Tag Archives: Stringband

You Can Be a Record Producer!

It’s true. You can even by MY record producer, or at least an honorary one. All it takes is some money. But before you label me a total mercenary, read on…

You may have noticed these days the indie record/music scene is almost as big as the non-indie scene – if not in terms of dollars, then certainly in terms of the number of artists. In fact, there are probably more independents than there are acts signed to major labels.

Sharing isn’t caring

The Internet played a large part in this, of course. Suddenly everyone was illegally sharing and no one was buying, and labels would only sign sure moneymakers, so artists began making albums independently – i.e., paying to do it themselves.

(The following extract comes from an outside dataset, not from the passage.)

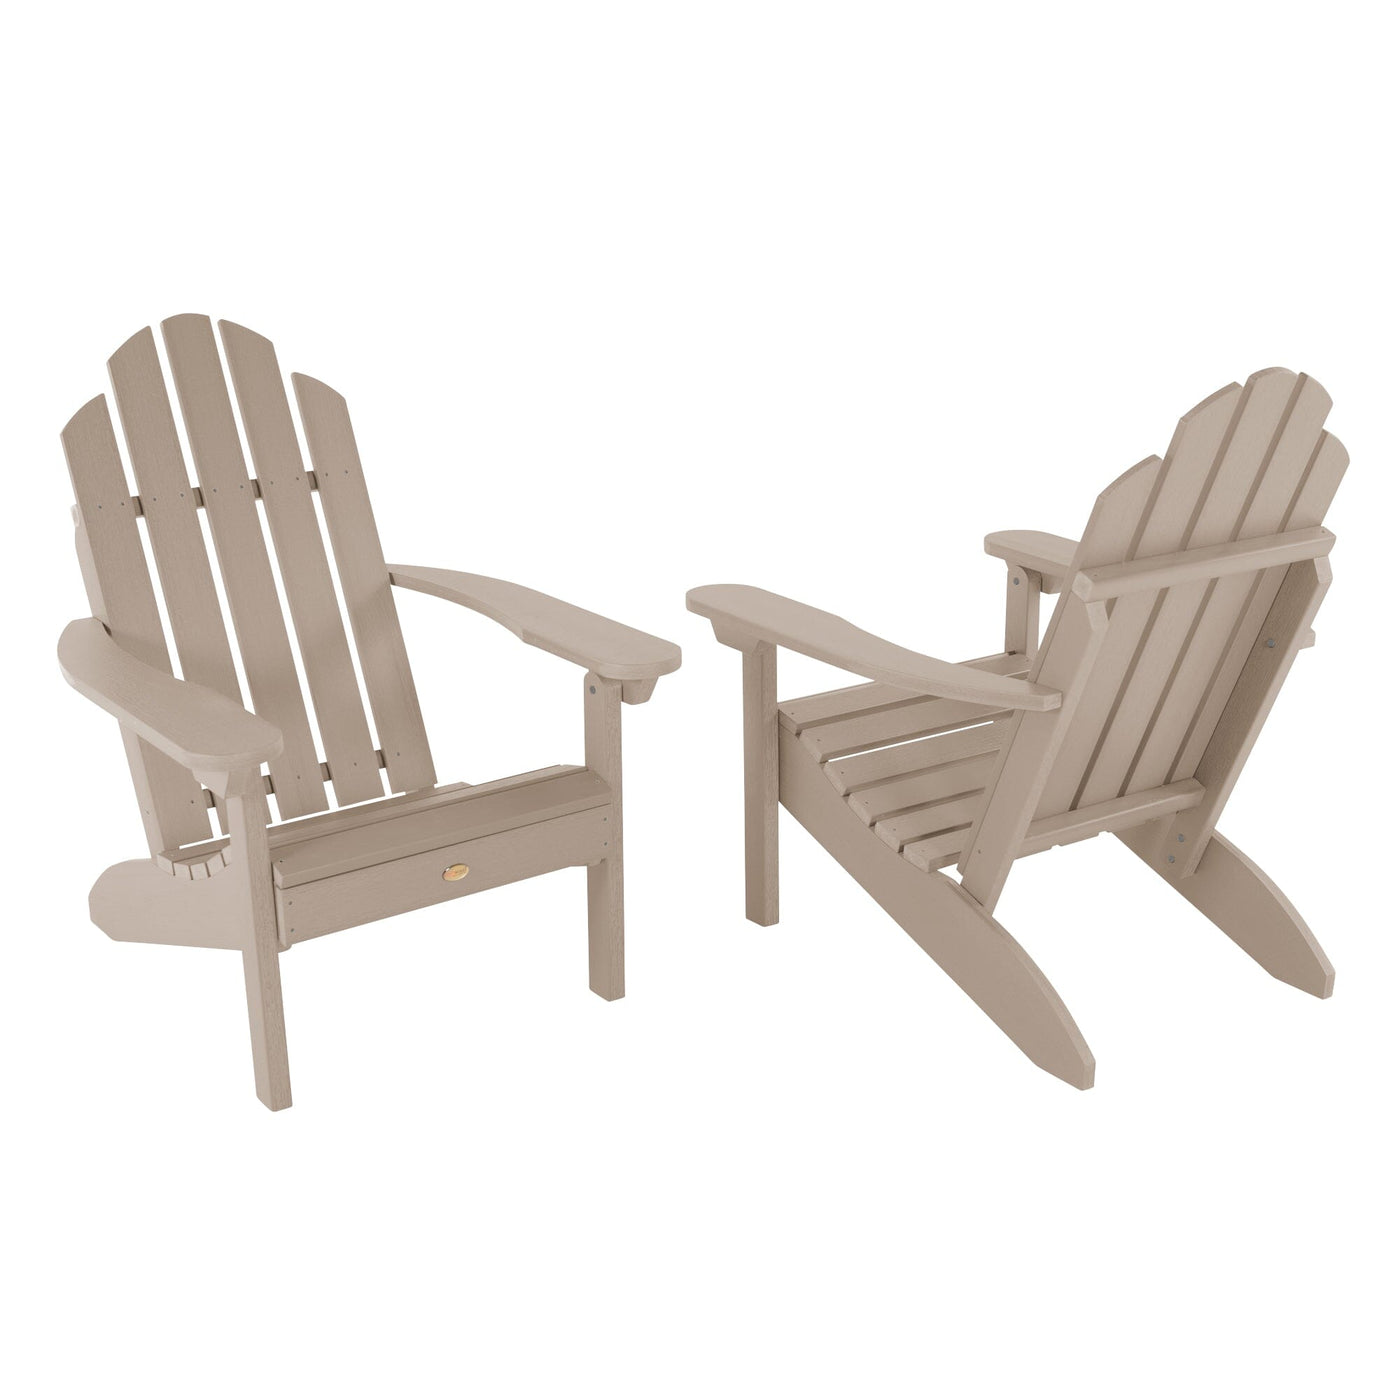 Set of Two Classic Westport Adirondack Chairs Kitted Sets Highwood USA

But the indie scene has actually been around a heck of a lot longer than the Internet. I like to say, jokingly, or semi-jokingly, that at one time, it used to be called the folk scene.

Folk pioneers

That’s where my musical roots are. My old band Stringband has been called a pioneer of the indie record scene. What that means is we just couldn’t get any label to sign us all those eons ago. Most of the majors in Canada then were US subsidiaries, aiming at the big commercial US market, and they all told us we were too folky and too Canadian. So we started our own label.

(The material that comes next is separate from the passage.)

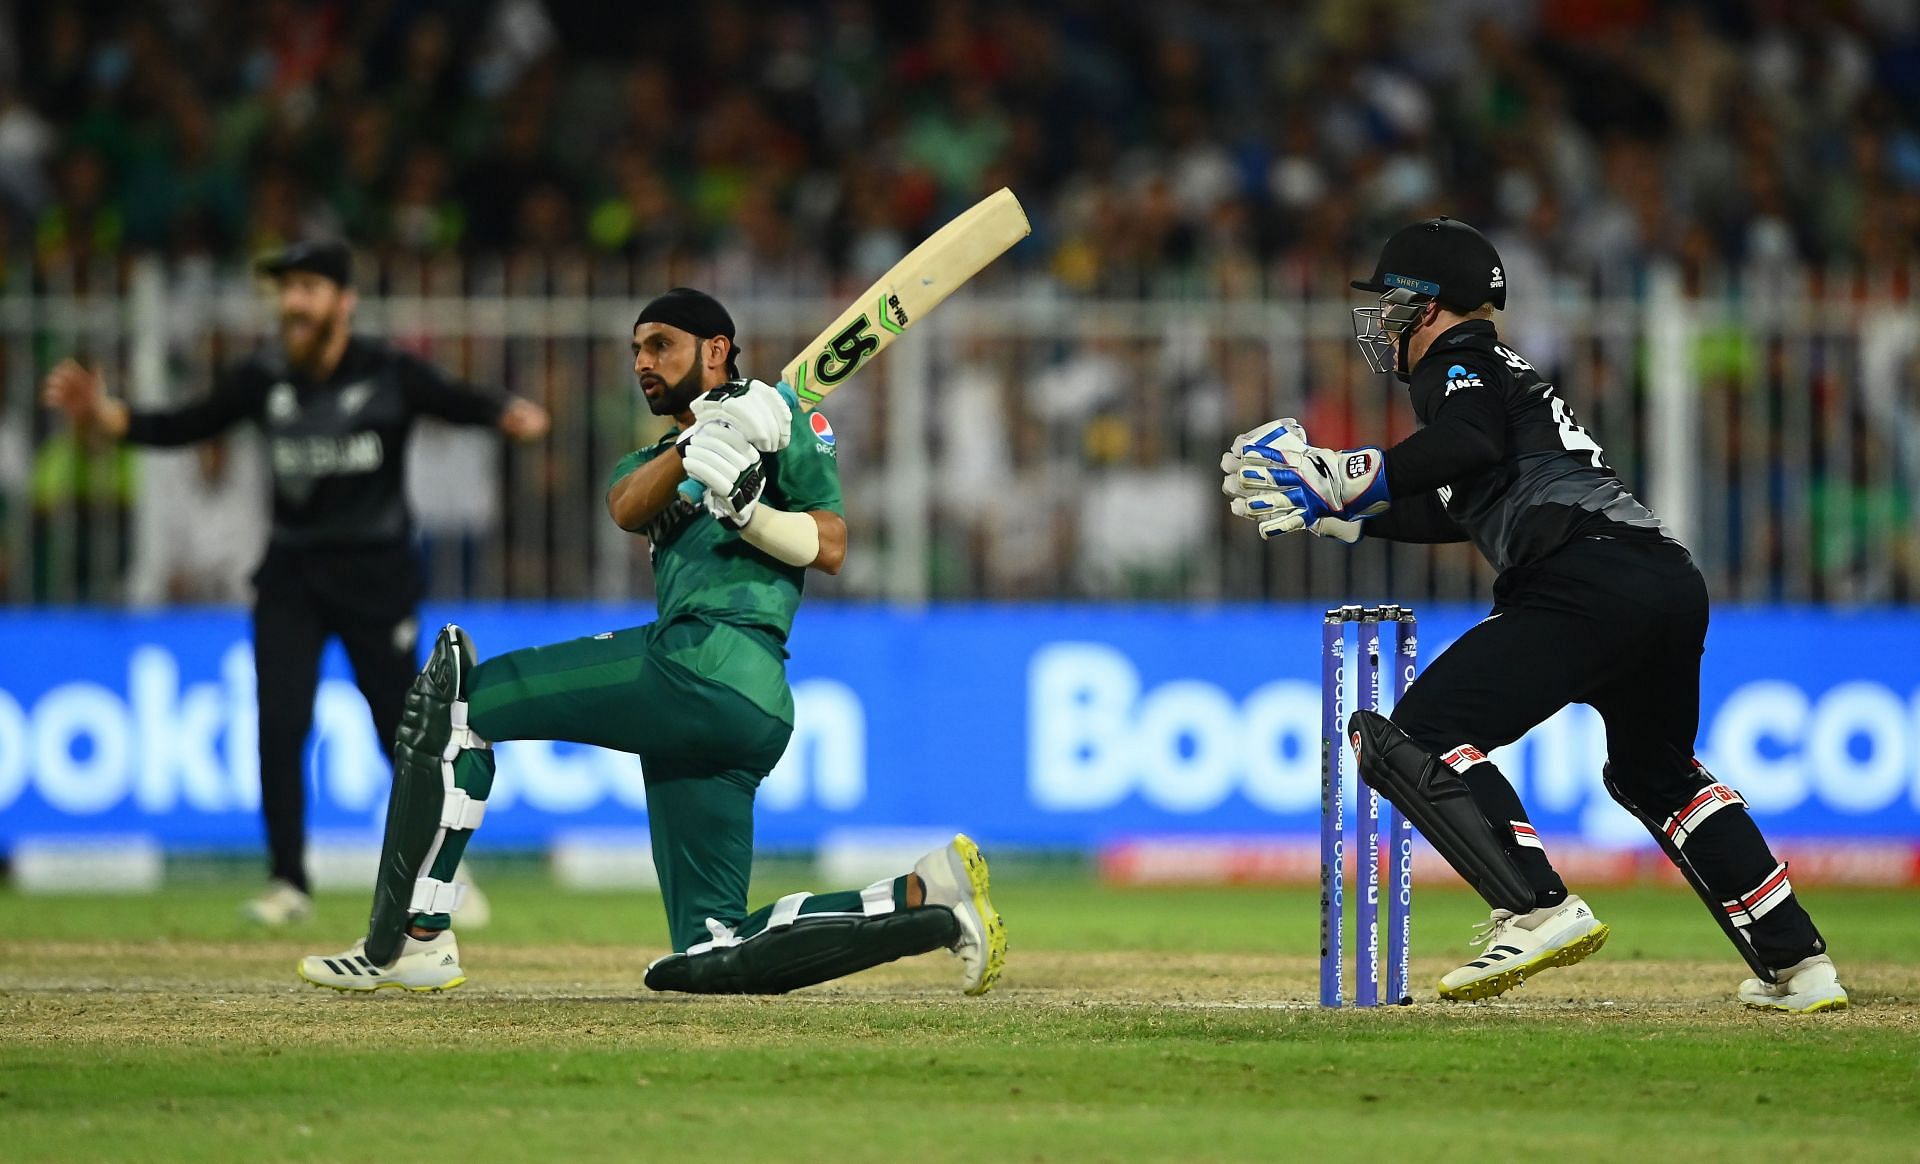 Shoaib Malik played a crucial knock of 26 against New Zealand in ICC T20 World Cup 2021

 A generous fan funded our first album, but we didn’t want to ask him for help for the next one, so we borrowed an idea that was floating around but hadn’t become that common: we asked fans to send us $5 upfront, and we’d use the funds to make the album and then mail them a copy. It worked! We did our next two albums that way. A number of other folk acts followed suit, and that model of doing things has become commonplace in the indie music scene.

Crowd pleaser

Now they call it crowdsourcing; we just called it asking fans to help. In fact, for our third album, I got the bright idea to call it Thanks to the Following, and we printed all the supporters’ names in tiny font starting on the front cover and almost completely covering the back.

If you’re a musician and decide to go this route, there are websites that can help you, such as http://www.kickstarter.com/, http://www.gofundme.com/and others. Or you can do what I and many musicians do: contact your mailing list, and tell the fans you’re making a new CD.

Full support

Create multiple levels of support – e.g., see my fundraising page – and offer various perks. For example, my top level is $1000, for which a patron gets 10 signed CDs, 2 free tickets to the CD launch, a free house concert in their home, and – yes – an honorary producer credit on any song of their choice.

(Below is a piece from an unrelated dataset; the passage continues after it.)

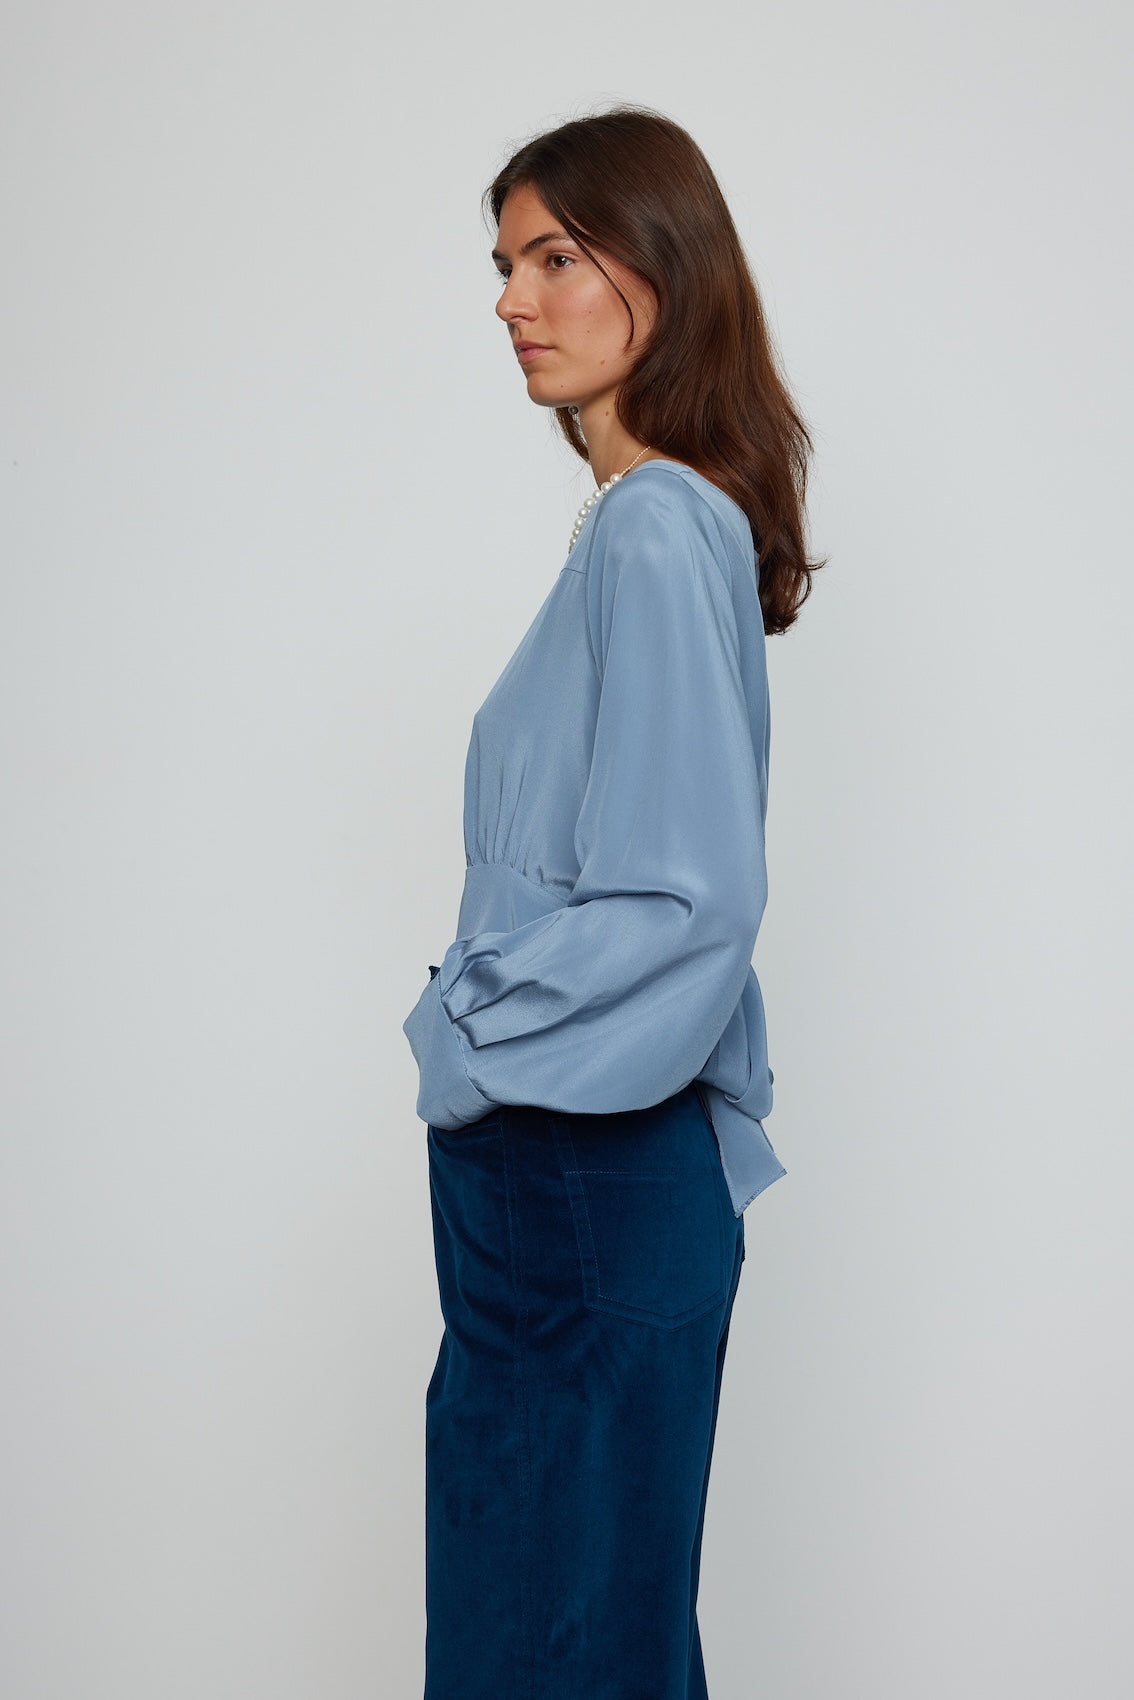 Caro Editions Olga Shirt features a straight neckline and our signature long draped sleeves made from soft crepe de chine silk. This shirt has a large bow at the back, which can be adjusted to fit perfectly around the waist. Material: 100% Silk.

So “honorary producer” may not be quite like twiddling the dials or telling the drummer to go easy on the high hat, but some fans are tickled to become record producers this way. And you can always invite them to watch a recording session, which they may find fascinating – or boring, depending on how many takes you end up doing!

 

From Tweet to Song?

These days I’m experimenting with Twitter, because I was told by young, savvy marketing types that if I want to promote my music, I need to tweet.

So far, I’m not convinced. Maybe it’s a bit of a generational thing: the young like to tweet while us more, ahem, mature types tend to think Twitter would be better renamed Fritter.

As in, who’s got that kinda time to fritter away, to try to whittle meaningful messages – because frankly, I have no interest in reading or tweeting stuff like “Had 2 fried eggs 4 brkfast – yum!” — down to 140 characters, and to follow all the links in your fellow tweeters’ tweets, not to mention wade through endless cryptic messages full of mysterious symbols like #FF and @AddThis that I don’t have time to figure out?

But I digress. So far Twitter has been useful for one thing. One of my first experimental tweets was this: “Horses are the music of the animal world. Curves like melodies, muscles like chords. So am writing songs about horses. Seems fitting.”

And then it occurred to me that maybe those ideas and lines could fit into a song. Because I’ve written nine songs so far for a CD I’m planning that’s all horse songs. I figured I needed a tenth to make it a nice round number. And the one thing I was lacking was a song about big, beautiful draft horses, like the Clydesdales that pull the Budweiser beer wagons, or Belgians, Percherons, or Shires – the biggest of all the draft breeds.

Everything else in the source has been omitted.